■ **Given data**:
┌──
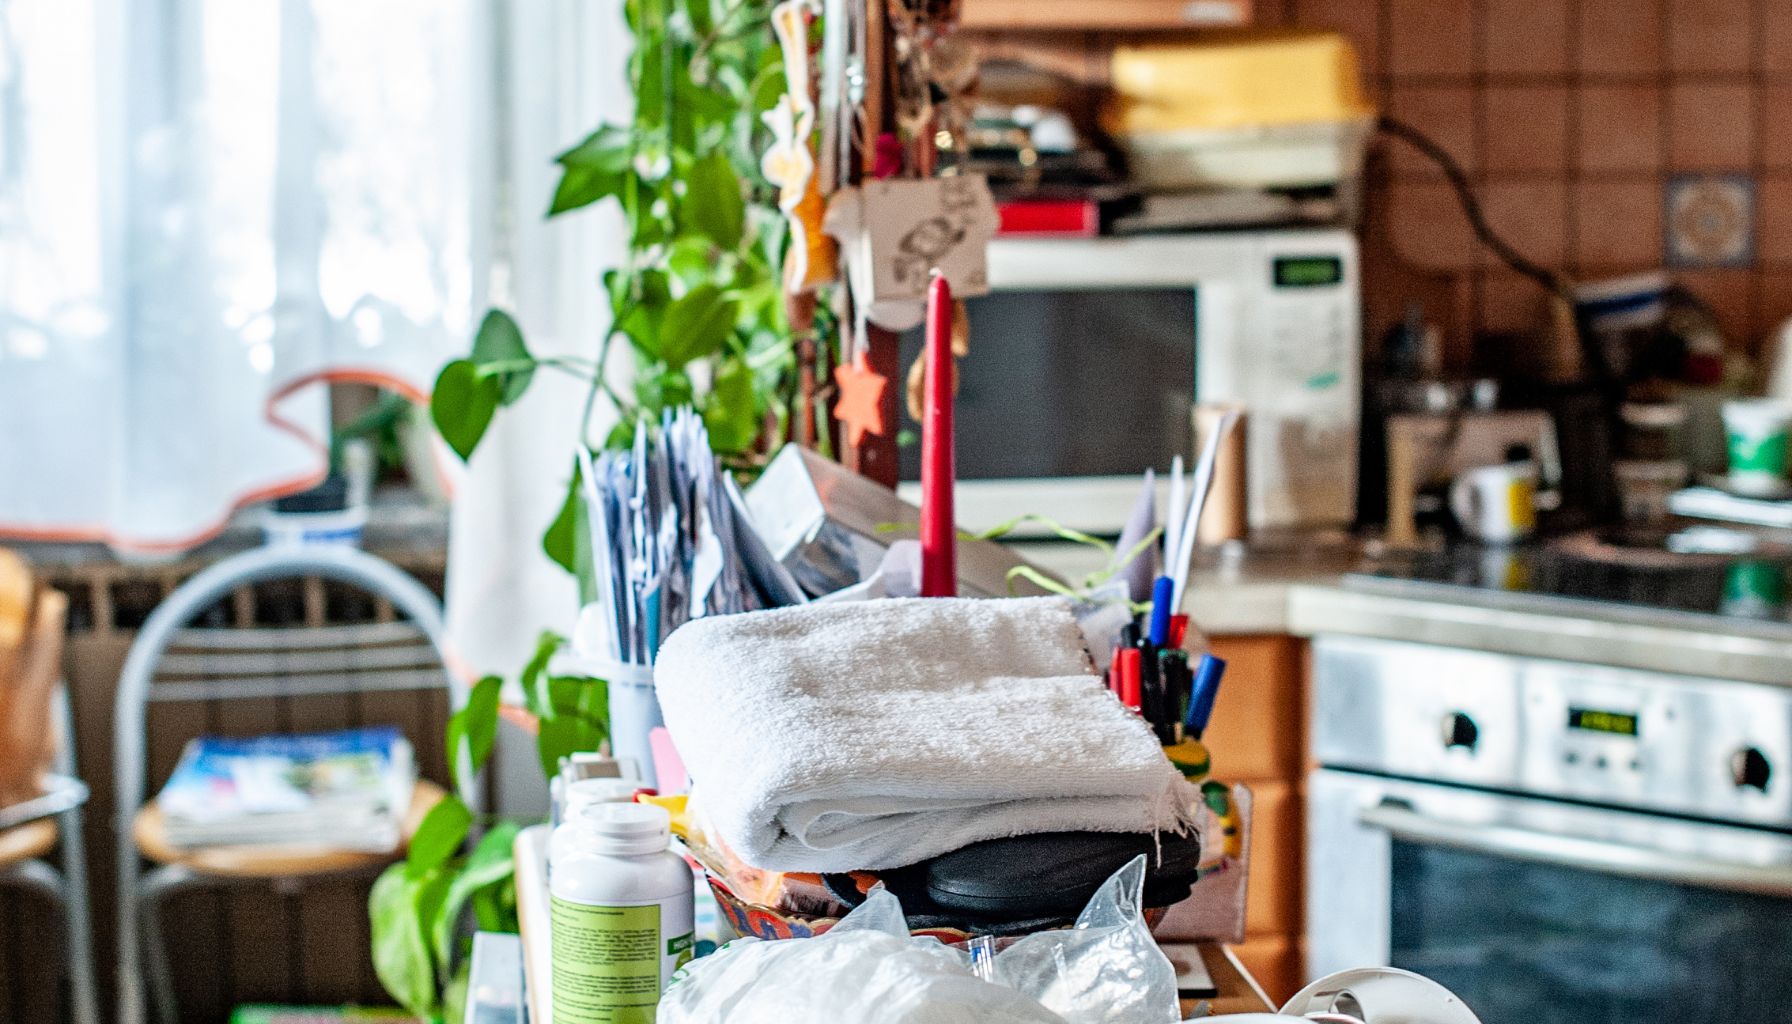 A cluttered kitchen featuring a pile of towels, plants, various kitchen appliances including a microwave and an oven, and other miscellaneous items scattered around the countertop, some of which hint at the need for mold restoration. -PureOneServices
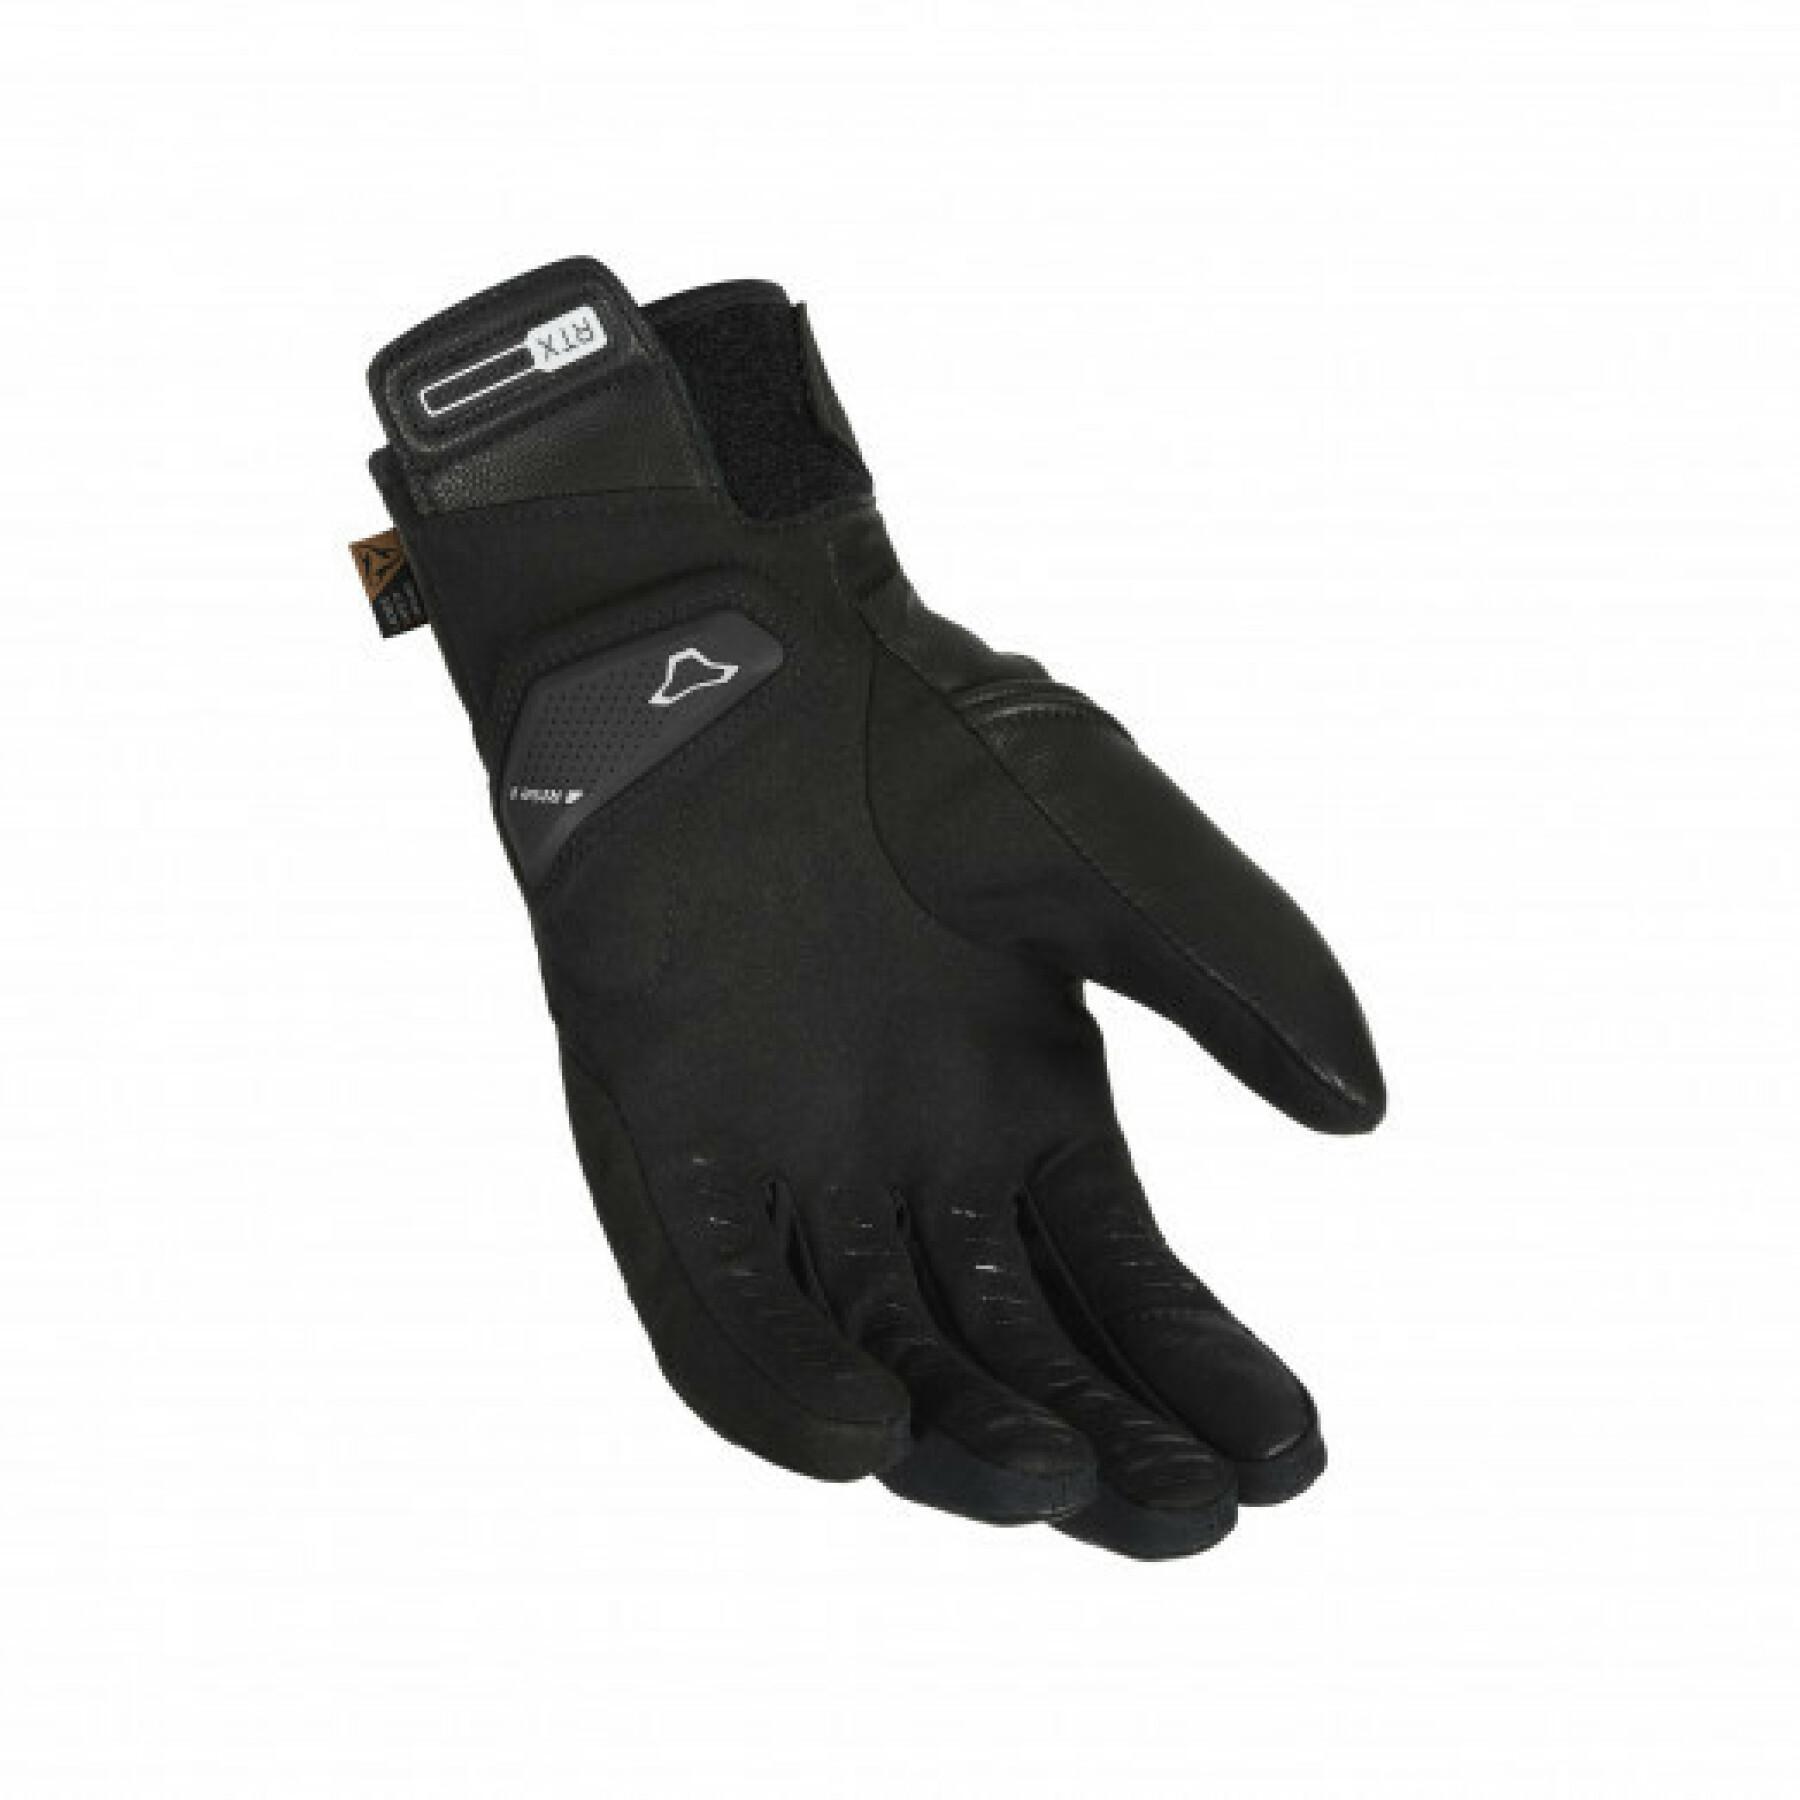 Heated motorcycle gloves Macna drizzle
└──
┌──
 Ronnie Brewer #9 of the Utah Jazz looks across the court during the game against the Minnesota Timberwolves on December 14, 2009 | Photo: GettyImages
└──
┌──
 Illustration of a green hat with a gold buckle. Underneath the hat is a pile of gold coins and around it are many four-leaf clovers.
└──
Within the entries above, give again exactly the lines starting at the one that contains "A cluttered kitchen" and ending at the one that contains "Heated motorcycle gloves Macna drizzle", leaving out the pictures.

 A cluttered kitchen featuring a pile of towels, plants, various kitchen appliances including a microwave and an oven, and other miscellaneous items scattered around the countertop, some of which hint at the need for mold restoration. -PureOneServices
 Heated motorcycle gloves Macna drizzle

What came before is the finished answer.